A single ox grazed stupidly beside me, grunting occasionally. It was 7:15 this morning. The Wal Mart opened at 8.

My son had warned me the release of MW3 would bring unprecedented crowds and likely break all previous sales records. I dared doubt.

By 7:45, I was surrounded.

Customers wait for store to open
The oxen jostled and pawed restlessly. Their big, beefy, bovine butts stank of fresh bursts of methane. I hadn’t been in the store since its expansion. It was now the premiere watering hole of the vast savannah, attracting greedy, oblivious oxen from continents away! Susan had been inside since the renovations and had emphatically warned me to avoid the place! With its new grocery empire, ignorant, inconsiderate oxen now stood crammed in aisles, amid fresh plops of dung, like gigantic, dumb sardines, severely amplifying the danger to polite humans, of being inadvertently trampled or stupefied.

These were unfamiliar pastures, indeed!

Two oxen were exchanging snorts, discussing which route would provide the quickest way to the electronics department. By the time the corral door had been unlocked, I had been firmly planted at the front of the herd for forty-five minutes. Idiot.

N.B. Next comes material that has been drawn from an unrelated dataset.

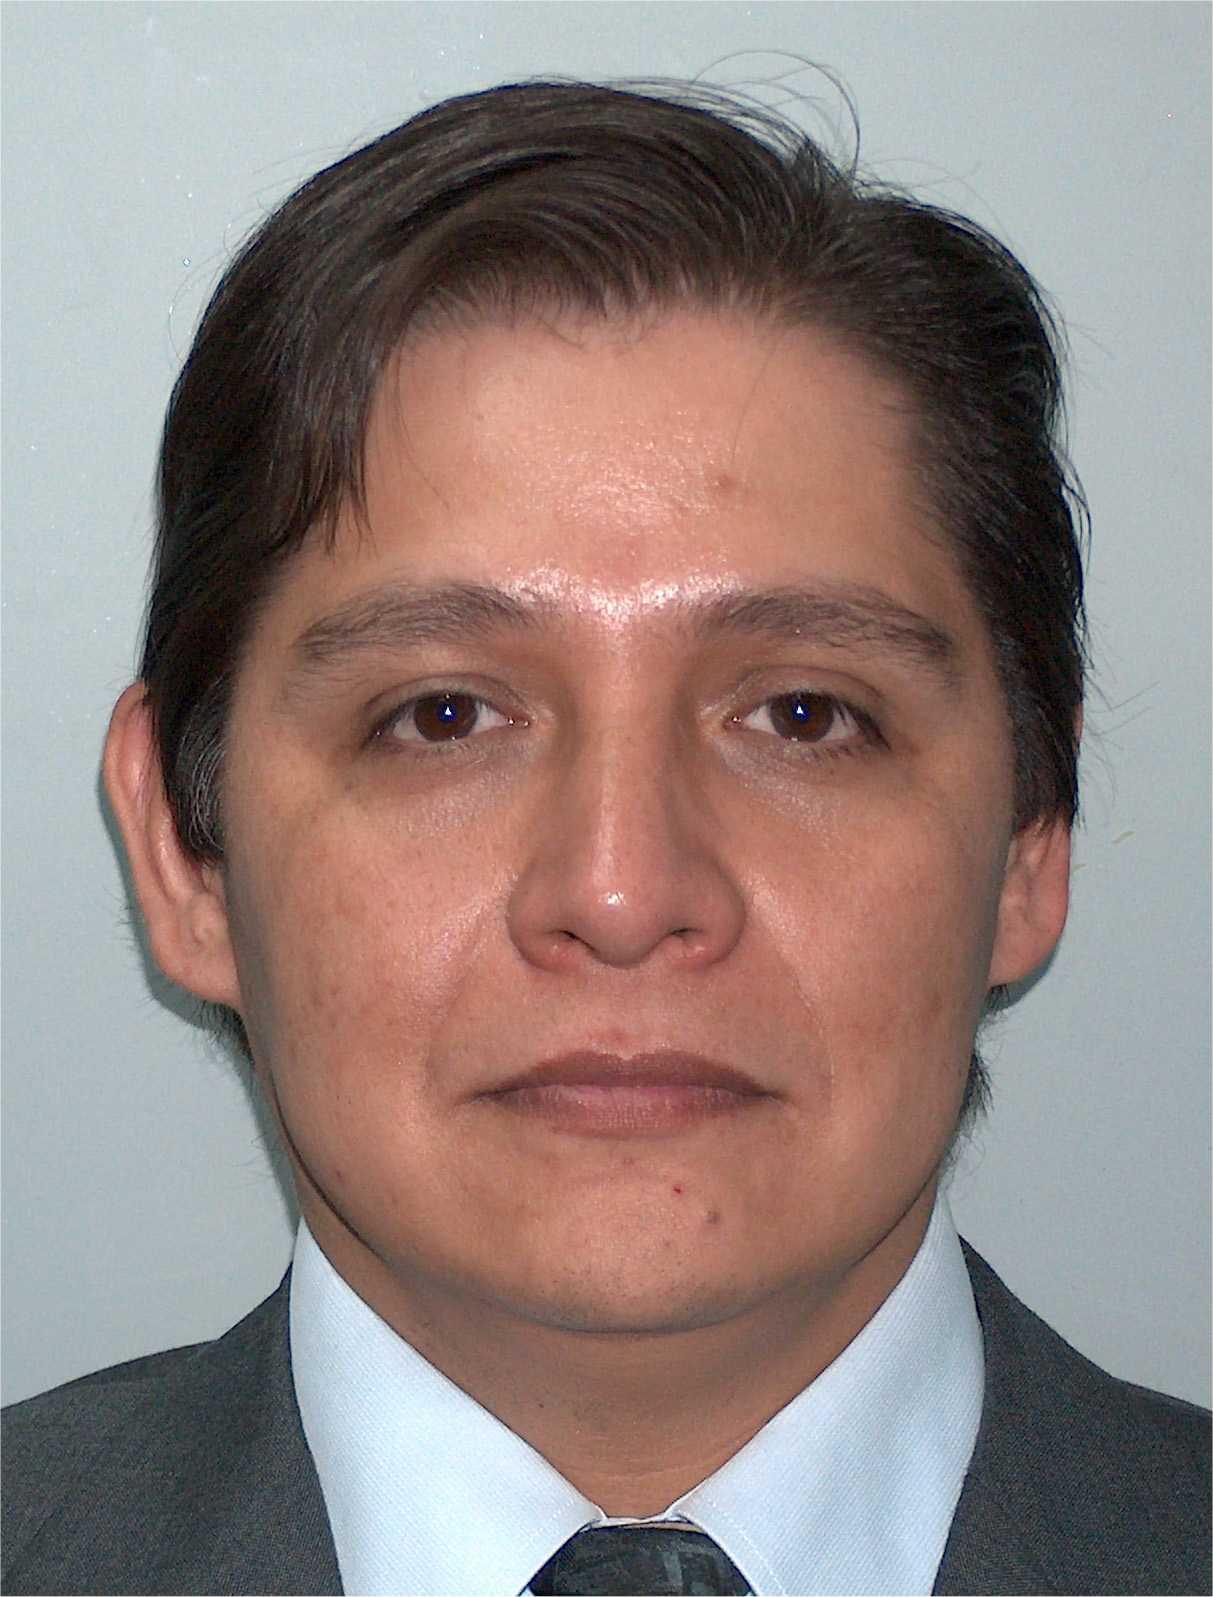 Lic. JOSE LUIS JANITZIO MEDINA FLORES: http://www.paginaspersonales.unam.mx/presentacions/index/M

Though slightly uncertain about the trajectory ahead, I had lulled myself into a false sense of security. That false sense exploded into smithereens as the doors slid open. Instinctively, I cowered.

Stampede!

I had been sent by my son before to pick-up new video games on their release dates, but for a mostly civilized man, this was entirely new territory! At once and with impressive resolve, the oxen surged forward, trotting at first, between the trees and rocks and then, mere instants later, breaking into full gallops! In the midst of the thundering hooves and clouds of dust blinding my vision and choking my windpipe, my first impulse was to curl into a ball behind a tree stump. Instead, for my offspring, I switched into full gazelle mode, bounding, springing, dancing and prancing, fleet of foot, between the massive frames. I was fifth in line, with huge oxen, muzzles sweating, panting loudly in front and behind me.

I deliberatly nudged the ox in front of me; he had arrived five minutes before the door opened and managed to get in line ahead of me. Oh, to be an ox, free to toss all shreds of deceny to the wind! A clerk opened a second cash and I dashed over to her counter. Now, I was first in line! When in Rome, baby! I paid for the game and stepped aside, catching my breath, astounded by the sheer spectacle.

The person behind me requested the special edition. The clerk came out from behind the counter and began going through unopened cardboad boxes while lines of oxen waited. There were three cashes going, each one with line-ups of fifteen to twenty people as more oxen steadily trudged into the department. It was bedlam! I could imagine Darwin observing from a nearby rock, excitedly scratching out the rudimentary principles of natural selection.

Home now, I continue to do inventory of my limbs. The new video game has been placed on Tristan’s desk, waiting for him to get home from school. How ironic. In video games, Tristan's character may struggle to survive, win and complete missions. It's child's play; in the real world, there’s no respawn. It’s you and the oxen, poised on the ruthless pastures of bargain-dom, playing for keeps.

The nightmares of today's mission will be mine to bear.